Former Papa John’s CEO says NFL team owners ‘hate’ Roger Goodell, wanted him to ‘take this guy out’

At the height of the NFL’s national anthem controversy over kneeling players, John Schnatter, formerly the CEO of the NFL’s top pizza sponsor, Papa John’s, was reportedly asked by Daniel Snyder, owner of the Washington Commanders, and Dallas Cowboys owner Jerry Jones to get NFL Commissioner Roger Goodell fired.

In a candid interview on “Fearless with Jason Whitlock,” the now-ousted Schnatter told Whitlock the team owners wanted him to “take this guy out.”

“…Remember, Goodell is a coward, and he is incompetent. And he’s just lucky,” Schnatter told Whitlock. “Jerry Jones, the owner of the Cowboys, Indra Nooyi [former CEO] with PepsiCo, and Dan Snyder all called me — several other folks — about Goodell’s conduct and the way he was handling this. Jones and Dan Snyder… wanted Goodell fired. This is like… the first of November, end of October.”

“They called me and said, ‘You need to take this guy out. You’re the number one sponsor of the league, as far as notoriety and acceptance and association.  Everybody loves you, they love Peyton [Manning]. We hate Goodell,'” Schnatter said.

Schnatter took his own jabs at Goodell in a November 2017 conference call in which the pizza mogul blamed the NFL’s national anthem protests on for Papa John’s falling stocks, the New York Post reports. As the players took a knee, millions of viewers boycotted the games.

“NFL leadership has hurt Papa John’s shareholders,” Schnatter said at the time, regarding Goodell’s failure to prevent NFL players from protesting what they claimed was  racism and police brutality while the national anthem played.

According to Schnatter, he declined to act against the commissioner.

“I said, ‘No,'” Schnatter said. “This is not my job to fire your commissioner. He works for you. I just sell pizzas.”

“I have a family of small businesses that, you know, probably 35 percent of our spend’s NFL, it’s down 20 percent. This behavior of not addressing the issue to the owners’ and players’ satisfaction is causing me and my franchisees a lot of problems. And this is going on now for two seasons…”
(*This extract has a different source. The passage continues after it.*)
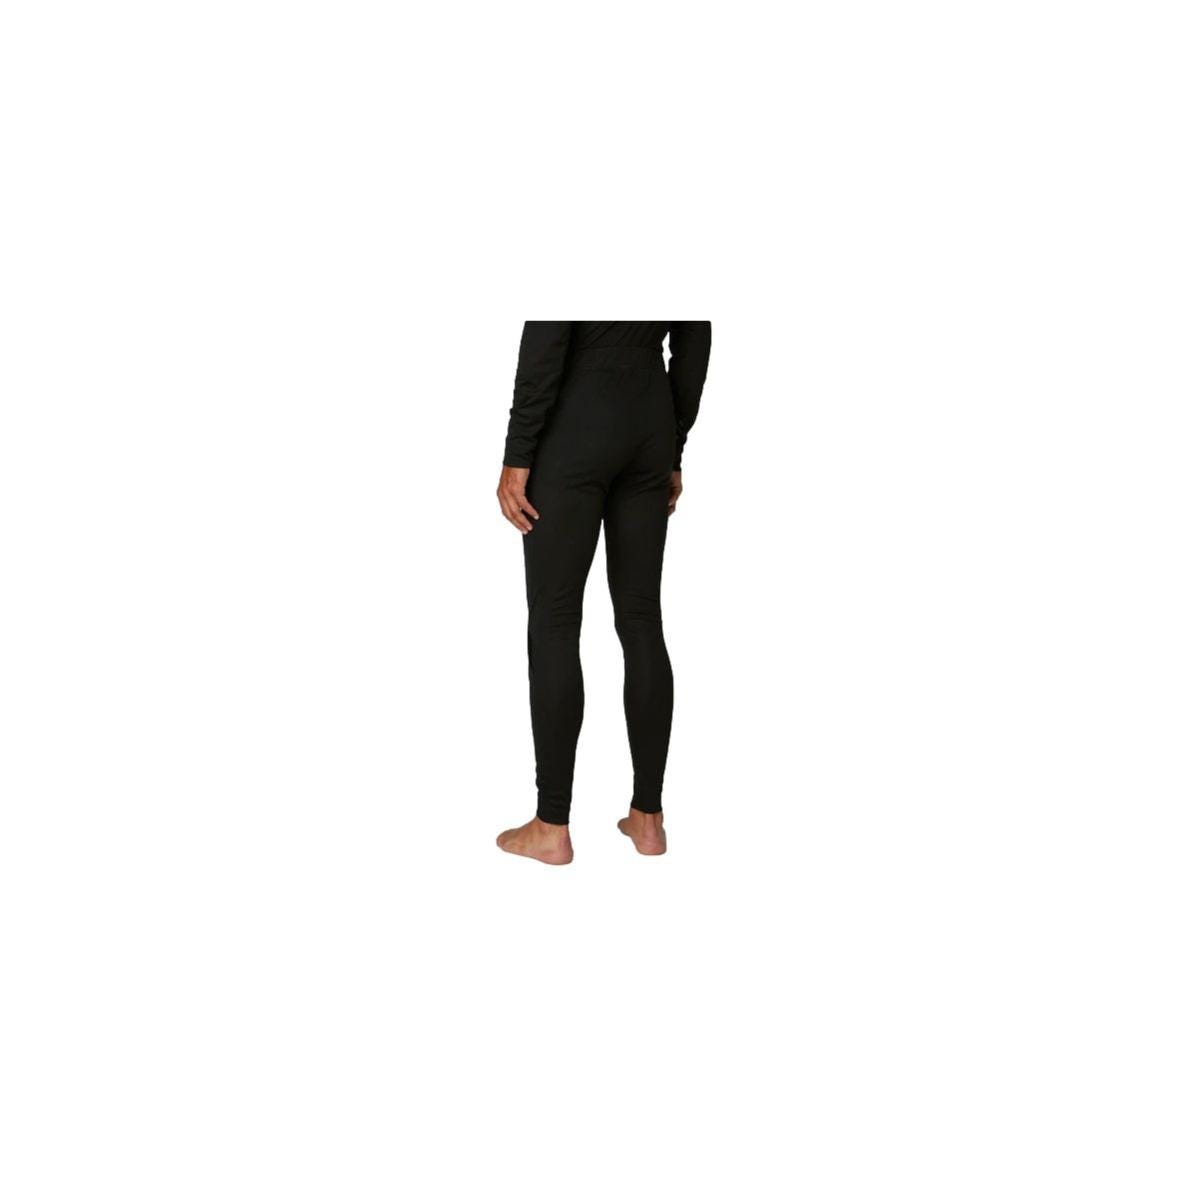 Pantalon sous-vêtement technique Lifa Noir - Helly Hansen - Taille S 3

“I had a free shot from two owners to go after Goodell personally,” Schnatter continued. “I didn’t go after him in a vicious, venomous way. I just said, ‘Hey, grow up, be a leader, and fix the problem so my small business owners stop taking it on the chin.'”

Goodell went on to sign another contract, and Schnatter would soon have bigger problems of his own.

In July 2018, Schnatter was forced to resign as CEO of the company he founded after using a racial slur on a May conference call with a marketing agency in which he criticized the national anthem protests.

“On the May call, Schnatter was asked how he would distance himself from racist groups online,” a source told Forbes at the time. “He responded by downplaying the significance of his NFL statement. ‘Colonel Sanders called blacks n—–s,’ Schnatter allegedly said, before complaining that Sanders never faced public backlash.”